Severus griff sanft nach Narzissas Handgelenk, als die Tür aufschwang und Bellatrix herausstürmte.

„Eine Sache noch, wenn es dir nichts ausmacht. Nur du.“

Ihre Schwester sah ihn ein paar Sekunden lang intensiv an, dann knallte sie die Tür zu, um ihre Privatsphäre zu schützen.

„Was ist passiert, Severus?“

Narzissas Gesicht zeigte Erstaunen.

„Stimmt hier etwas nicht?“

„Eins noch“, wiederholte er, seine Augen griffen erneut nach ihrem angespannten Körper.

„Ich habe die letzte Erklärung meiner Hingabe an dich und Draco abgegeben. Du bist an der Reihe. Was kannst du tun, um zu beweisen, dass ich die richtige Wahl getroffen habe?“

„Alles, was die Malfoys dir geben können, gehört dir, Severus. Lucius hat Berge von Gold in Gringotts und-“

„Was ich will, kann Lucius nicht bieten“, unterbrach er.

Seine Augen zeigten jetzt Verständnis und darunter lag Hingabe.

Wusste sie, dass sie sich ihm ergeben musste?

„Das ist etwas, was ich seit Jahren nicht mehr erleben durfte.“

Es war eine Lüge, aber was konnte ihm ein wenig Mitgefühl schaden?

Er beugte sich über den muffigen, abgenutzten Teppich vor ihm.

„Sag die Wahrheit, Severus.
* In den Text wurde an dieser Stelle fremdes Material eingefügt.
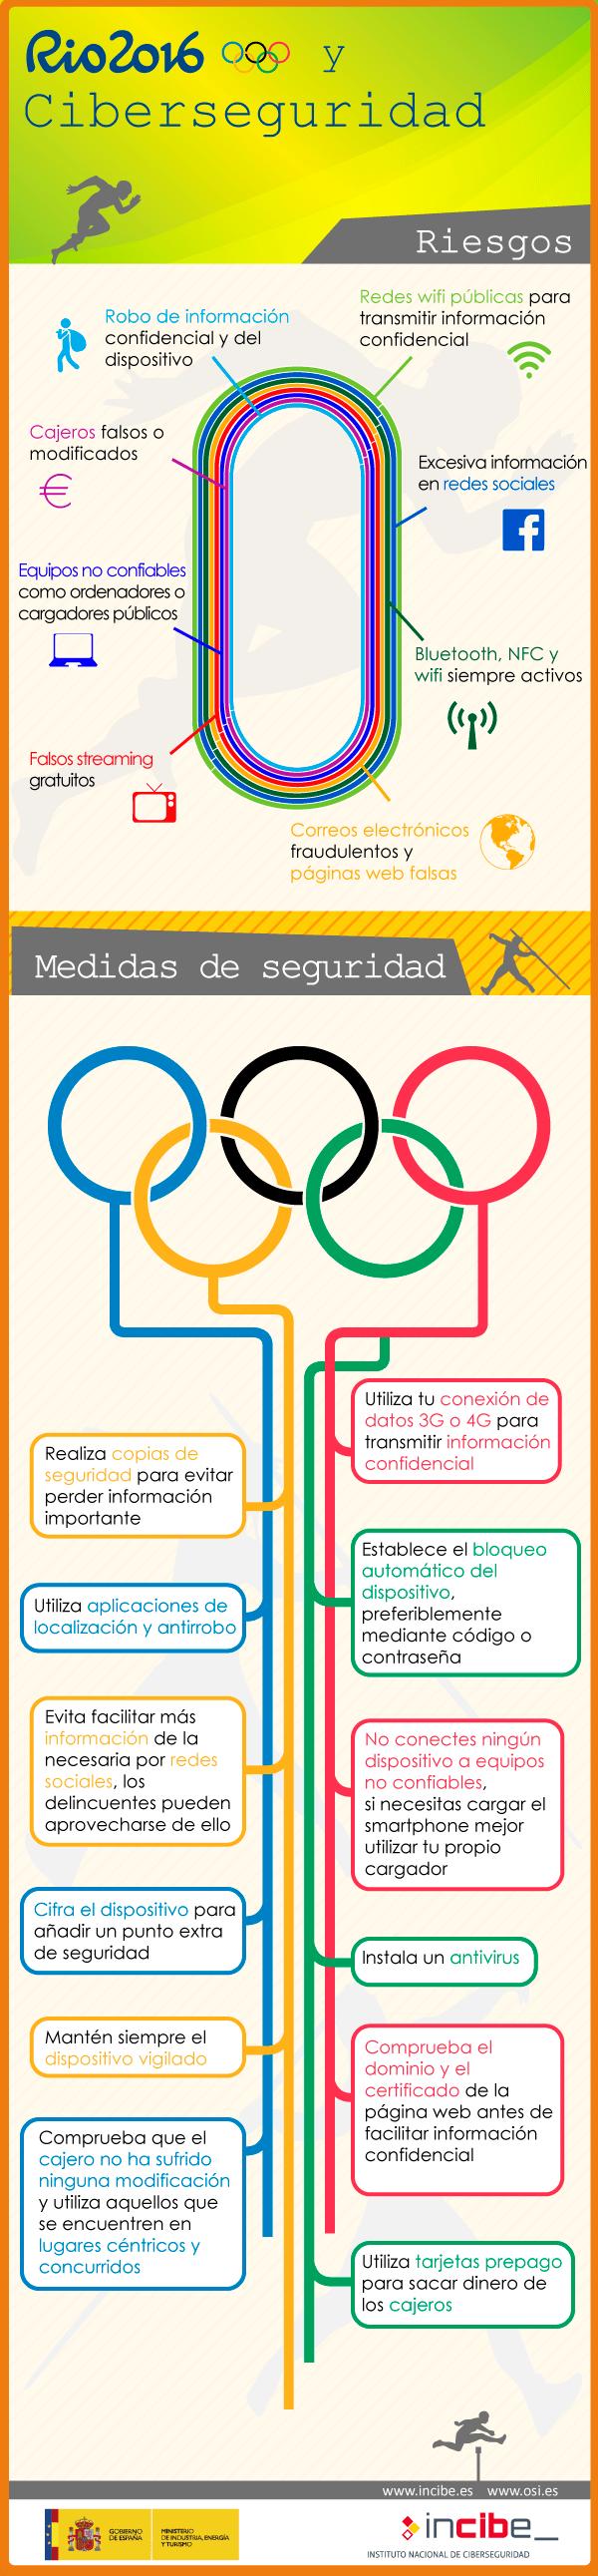 rio-2016-ciberseguridad-infografia
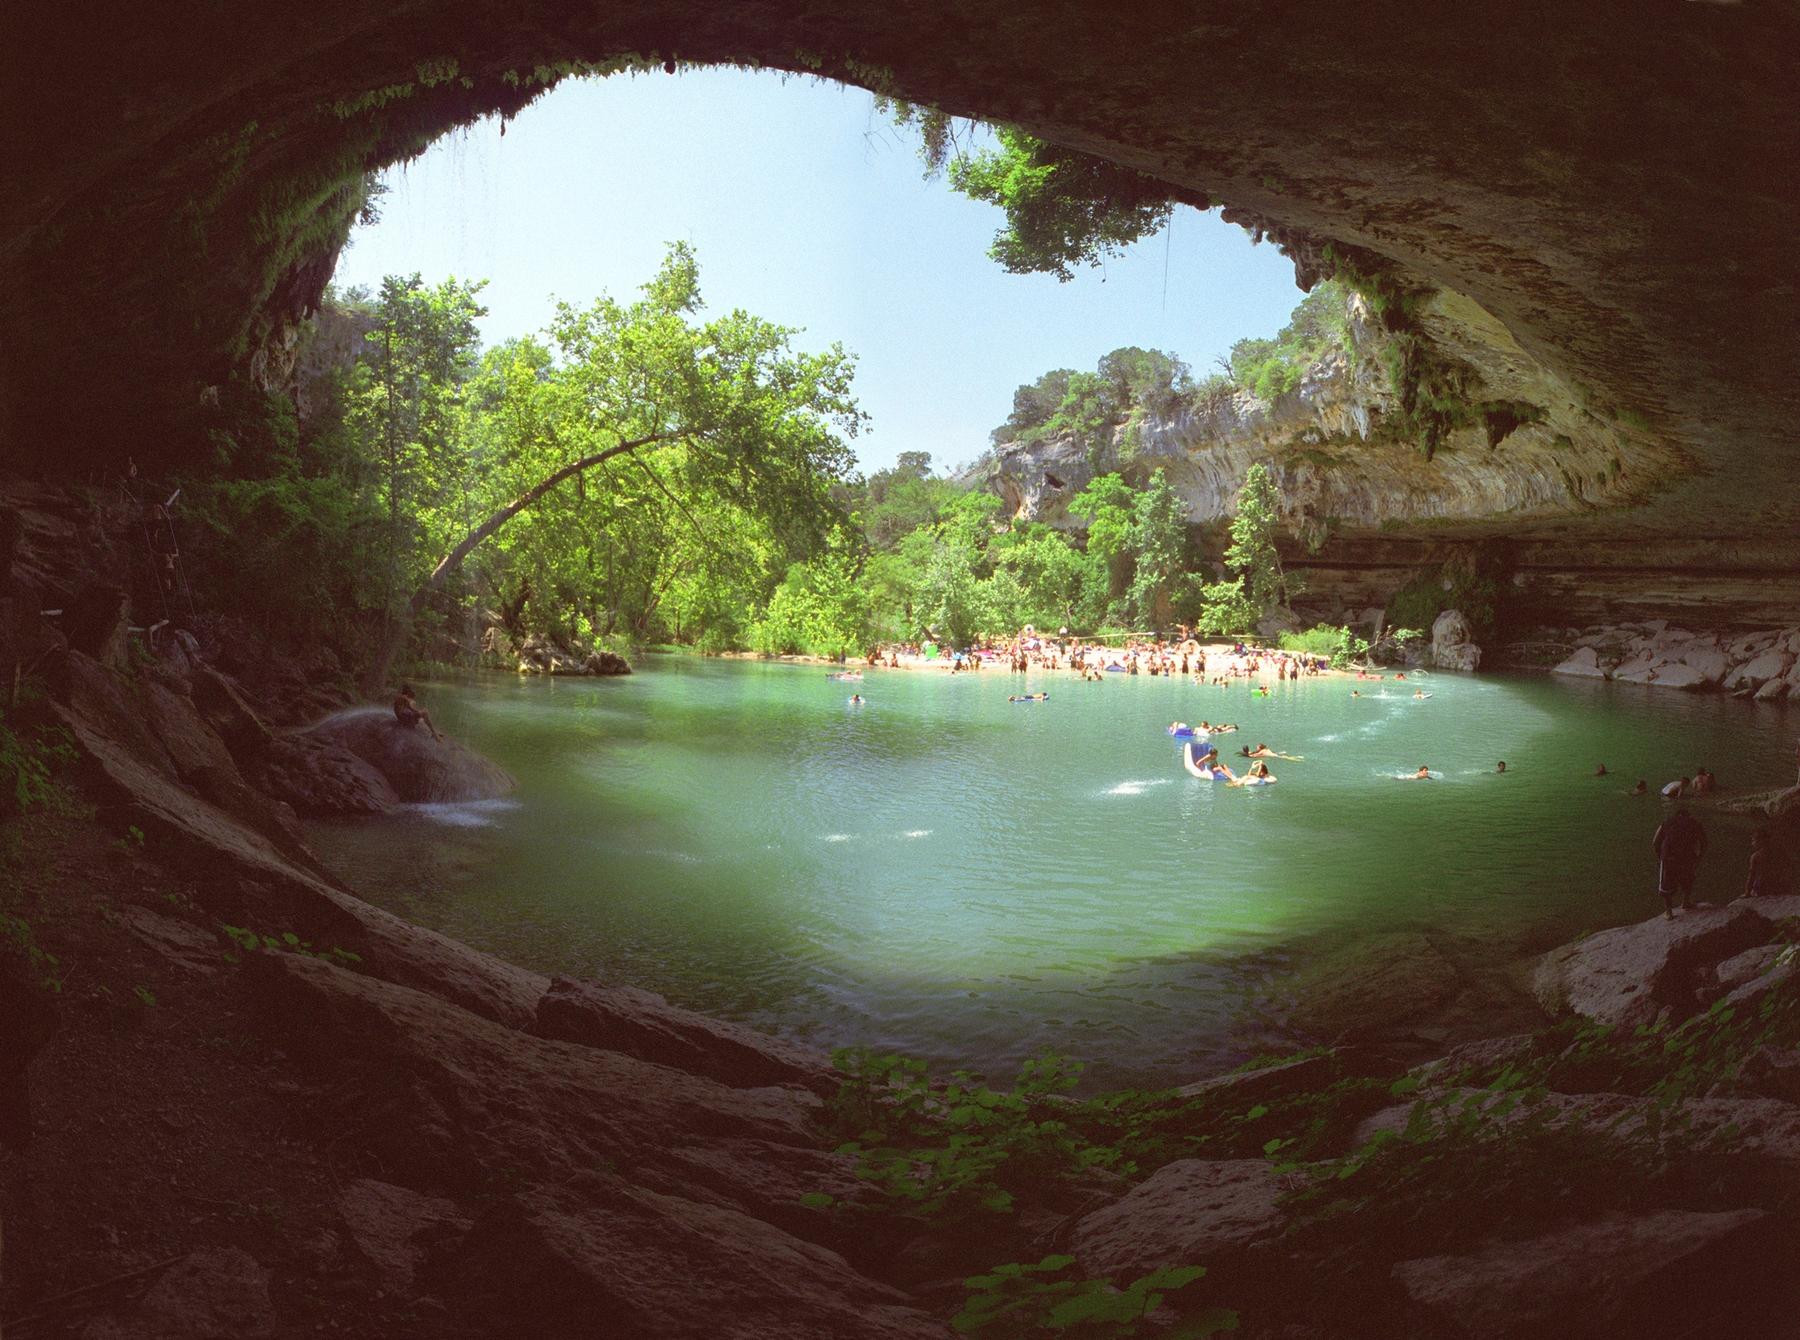 Hamilton pool outside of Austin

Du hast eine Menge bewiesen“, sagte Narcissa leise.

Seine Hände wanderten zu seiner Hose und er fand sie schon hart.

„Aber nur wie gesagt.“

Severus nickte und seine Finger arbeiteten nun geschickt daran, Schichten seiner Kleidung zu zerreißen.

Schließlich war sie unterhalb ihrer Taille nackt und sie ergriff seinen harten Schwanz mit einer anmutigen, blassen Hand.

Snape war keineswegs ein attraktiver Mann.

Sein Haar war fettig und fiel ihm über die Schultern.

Seine Augen waren rund und schwarz, und seine Nase hing über sein mürrisches Gesicht.

Allerdings konnte keine Frau, mit der er zusammen war, sagen, dass seine Männlichkeit hässlich war.

Es war sieben Zoll lang und so dick wie ihr bestes Handgelenk, zusammengerollt und hochgezogen.

Das Fleisch war blass und rosa, makellos und mit wunderschön geschwungenen Adern bedeckt, die es muskulös aussehen ließen.

Es stand kühn auf seinem Kopf, lila und etwas spitzer als gewöhnlich.

Als Narcissa ihn zum ersten Mal im Licht sah, zuckte sie einen Moment lang zusammen, aber wenn ihre Augen richtig waren, war das, was sie sah, weder Ekel noch Angst, sondern ein Nachlassen des Widerwillens.

Er ließ seine glatte, kühle Handfläche ein paar Mal langsam auf und ab gleiten, Finger berührten leicht seinen Kopf.

Wagemutiger fügte er seine andere Hand hinzu und begann bald, sie in einem flotten Tempo auf und ab zu streicheln.

Er spürte, wie sein Penis noch mehr anschwoll und schloss seine Augen, genoss seine Berührung.

Für einen Moment spürte sie einen Handzug, aber Sekunden später war sie wieder da, diesmal warm und angenehm feucht.

Bestenfalls erwartete ich wütende Zustimmung, aber er versucht, mir Spaß daran zu machen.

Die blonde Schwester schnappte noch ein paar Minuten nach Luft, bis Snape endlich ihre Schulter berührte, ihr in die Augen sah und ihr dann den Kopf tätschelte.

Sie nickte und ordnete sich auf dem Boden neu an, dann zog sie ihr silbernes Haar aus ihren Augen und beugte sich wieder über seinen Schwanz.

Severus spürte, wie sich eine Hand an seinem Hintern festhielt, dann sank er in seinen weichen Mund.

Er fühlte sich in diesem Moment, als würde er gleich explodieren, aber er hielt sich zurück.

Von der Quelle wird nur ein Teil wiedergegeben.